4 The Devil's First Braid
A Braid of Three Threads
CHAPTER 4
Britain had become an empire. But could they afford it?
Britain had won North America. But could they keep it?
A Complex Continent
A complicated mosaic of disparate cultural groups spanned British North America. Few of them got along, and none of them wanted to be told what to do. And told what to do by the British, no less. No, thank you.
While the British population dwarfed most of the world in their ability to read and write during the Seven Years’ War, a newly emerging corner of the world now dwarfed Britain.
Men in the 13 colonies had grown their literacy rate to 90%! The same forces that had just marshalled Britain’s rise to a global power now festered in the heart of its newly won prize.

The 13 Colonies
Reason, science, and education were transforming Europe in what was called the Enlightenment. Population levels across the Western world were exploding, and nowhere was more exciting to try out these new and inspiring ideas than the relatively blank slate of the 13 colonies.
A population of two million people was bursting at the seams, anxiously anticipating the infinite expanses of life beyond the Appalachian mountain range. Great dreams were festering in the hearts and minds of colonial leaders. New methods of agriculture, transport, and resource extraction were ripe to turn the Ohio Valley and the Mississippi watershed into the most powerful engine of agricultural bounty in human history.
If the colonies could only get past those mountains, the Mississippi held the most plentiful farmland and the most navigable waterways in the world.
Excitement was high. A sense of destiny filled the air. The future was West. And the road there was inevitable.
Until suddenly, Britain squashed it all.
Apparently, Running an Empire Is Hard
Britain may have won the war for North America, but they had not yet won the peace. An unprecedented patchwork of cultures, languages, and religions now vied for influence across the continent. Needless to say, the complexity. Was. Vast.
Suddenly humbled by the cultural nuances of managing an empire, not just in North America but around the world, Britain sought stability above all else.
If they were going to hold this whole thing together, they would need to learn to compromise. If they were going to facilitate compromise with so many different cultural factions, they were going to need to embrace tolerance.

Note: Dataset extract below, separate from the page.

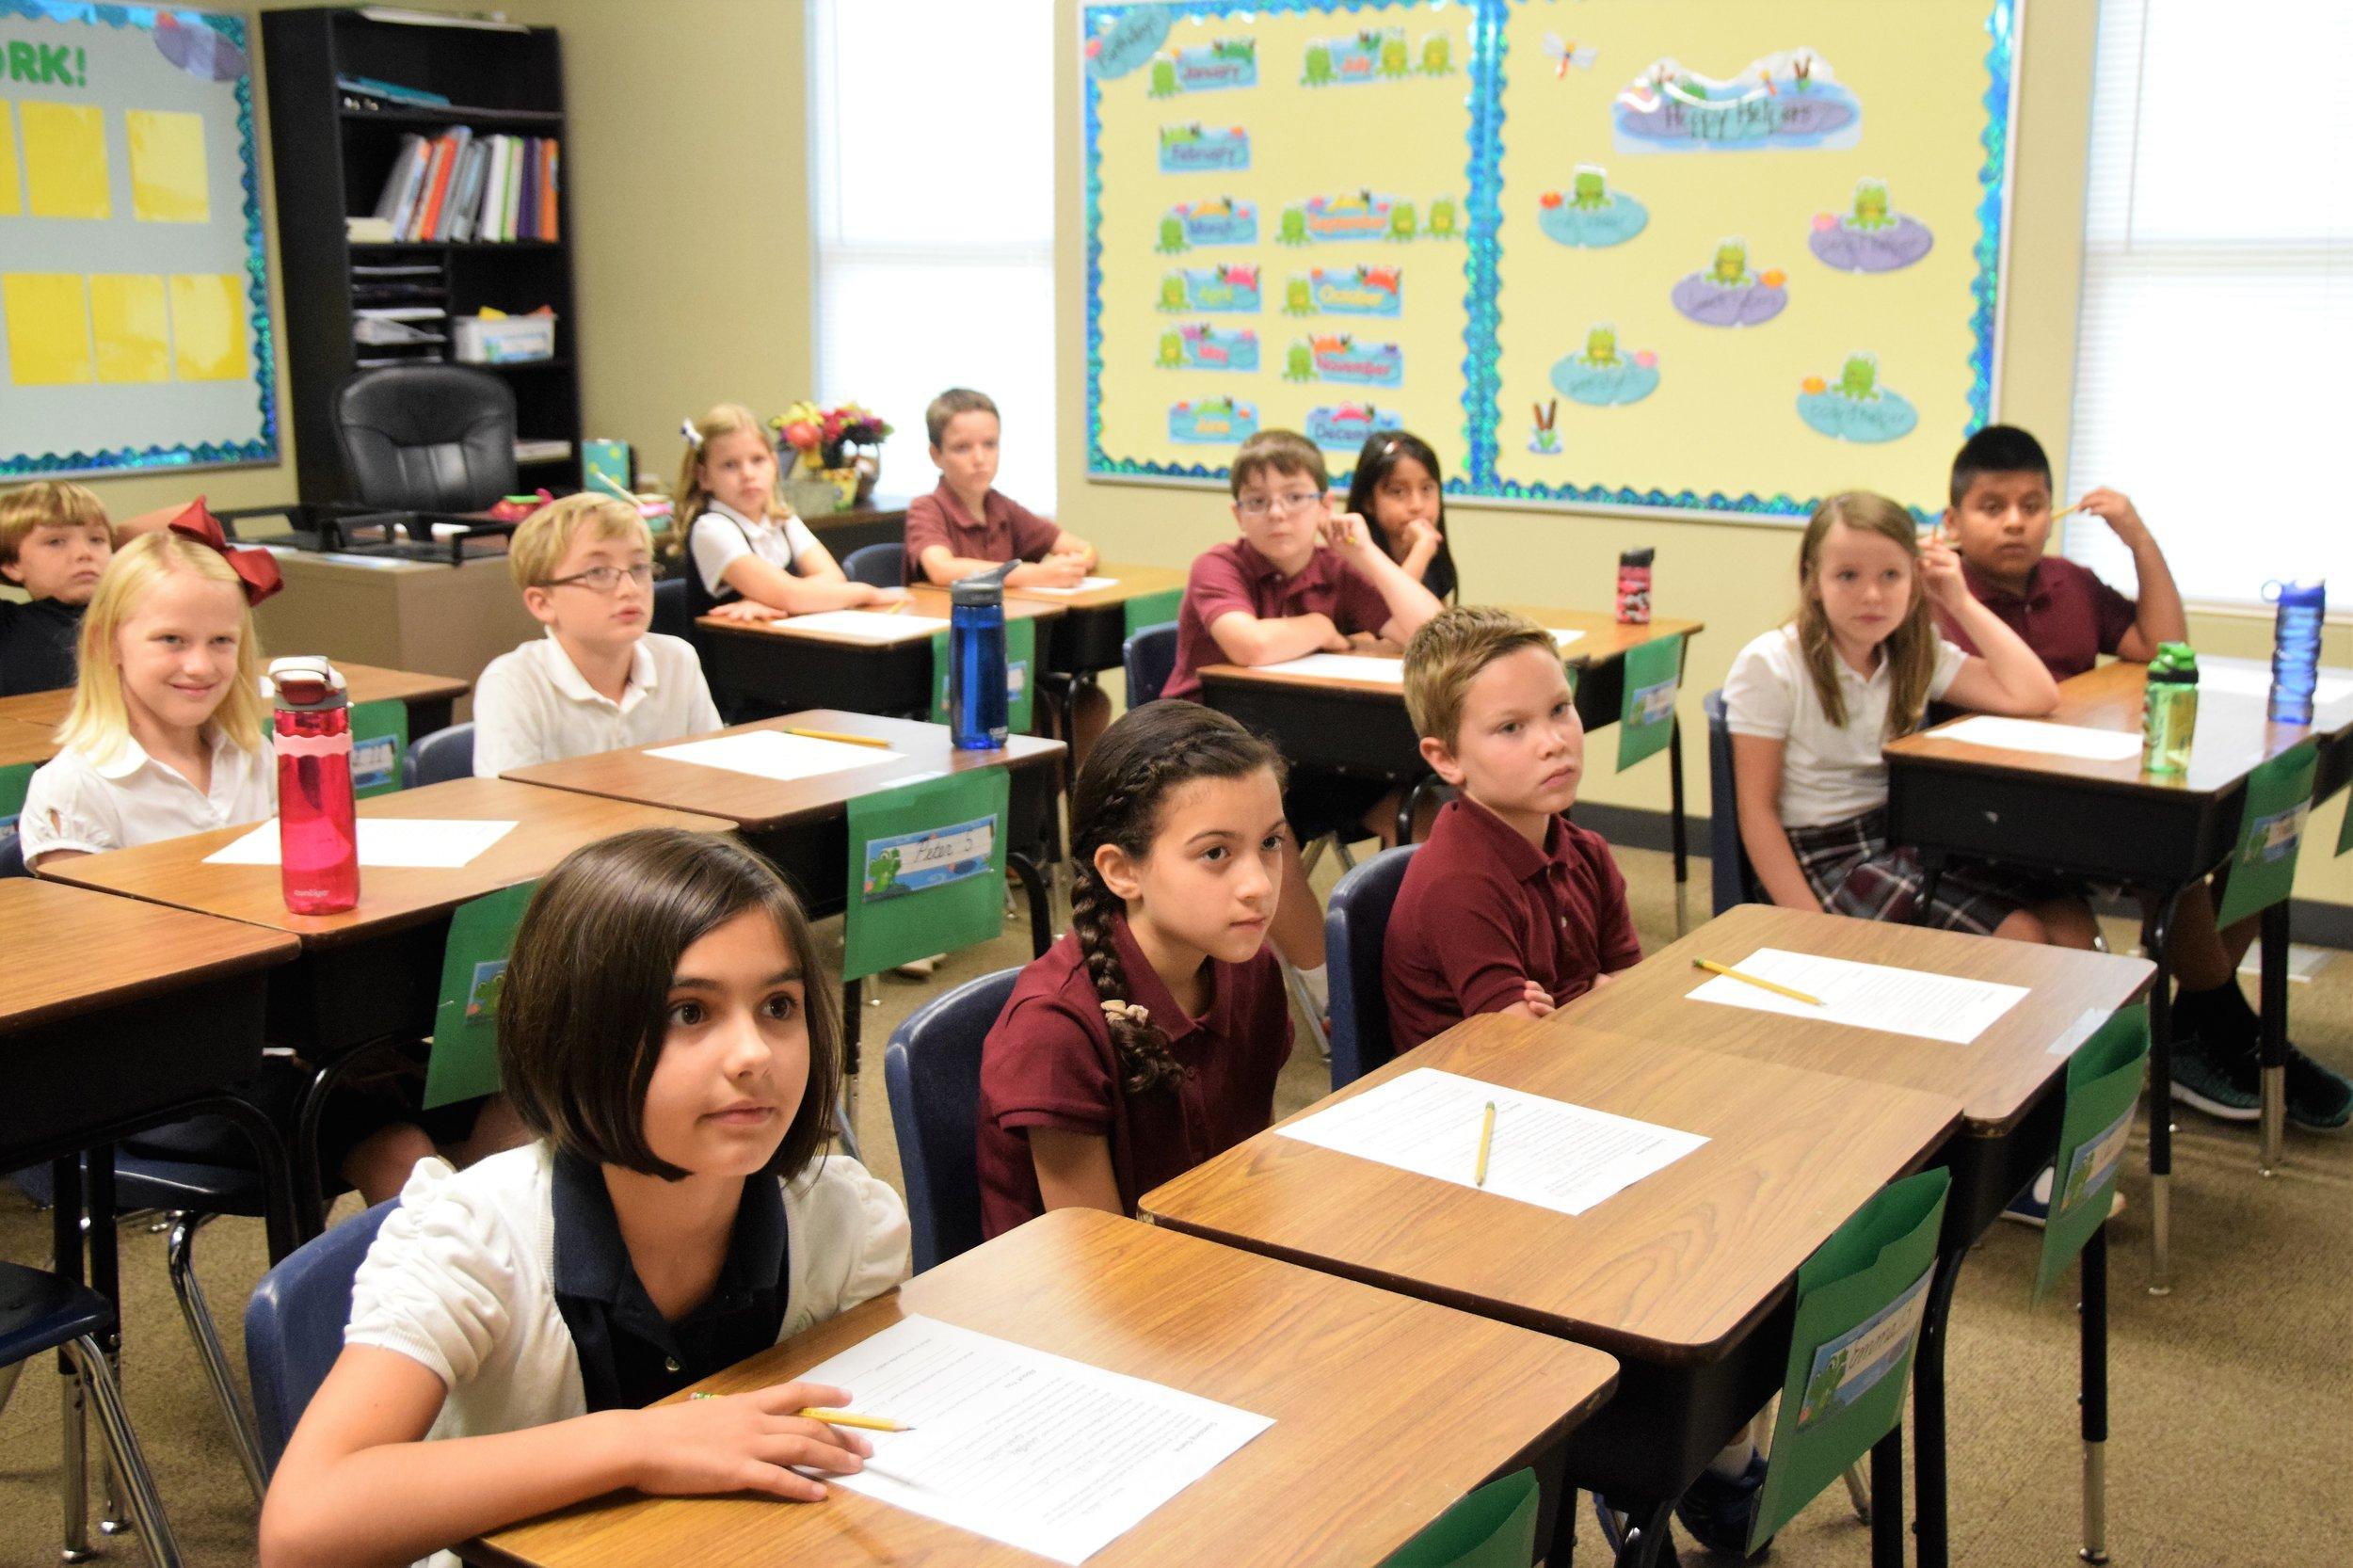 Lower School 1st Day of School 8-23-17 (14).JPG

And more than that, they sensed the 13 Colonies slipping. The war with France had nearly bankrupted Britain, and they needed the Thirteen Colonies to chip in. “No taxes without representation” was a legitimate grievance for the Americans, though they still only paid roughly 1/10th the taxes that a British citizen paid back home.
A split was forming. A push for American independence was coming. And so, after centuries of fighting for control of North America and finally having won it, Britain was now poised to lose it forever.
Britain needed support. Concessions to the French Canadiens were suddenly not so intolerable. Alliances with First Nations became acceptable.
In one last desperate gamble to hold on to their North American empire, British Parliament rose above centuries of prejudice and struck what many colonists saw as a knife through the heart. A deal with the devil. A deal with three devils.
The devil being Indian. The devil being Black. And the devil being French.
The Indian Devil
The Royal Proclamation of 1763
Within the same year that the Seven Years’ War with France ended, Britain did a policy reversal and struck the Royal Proclamation. A line was drawn right along the Appalachian Mountains. The Americans were told to abandon their plans to expand West and stay in the East. The West, meanwhile, was now “reserved” for the Indigenous.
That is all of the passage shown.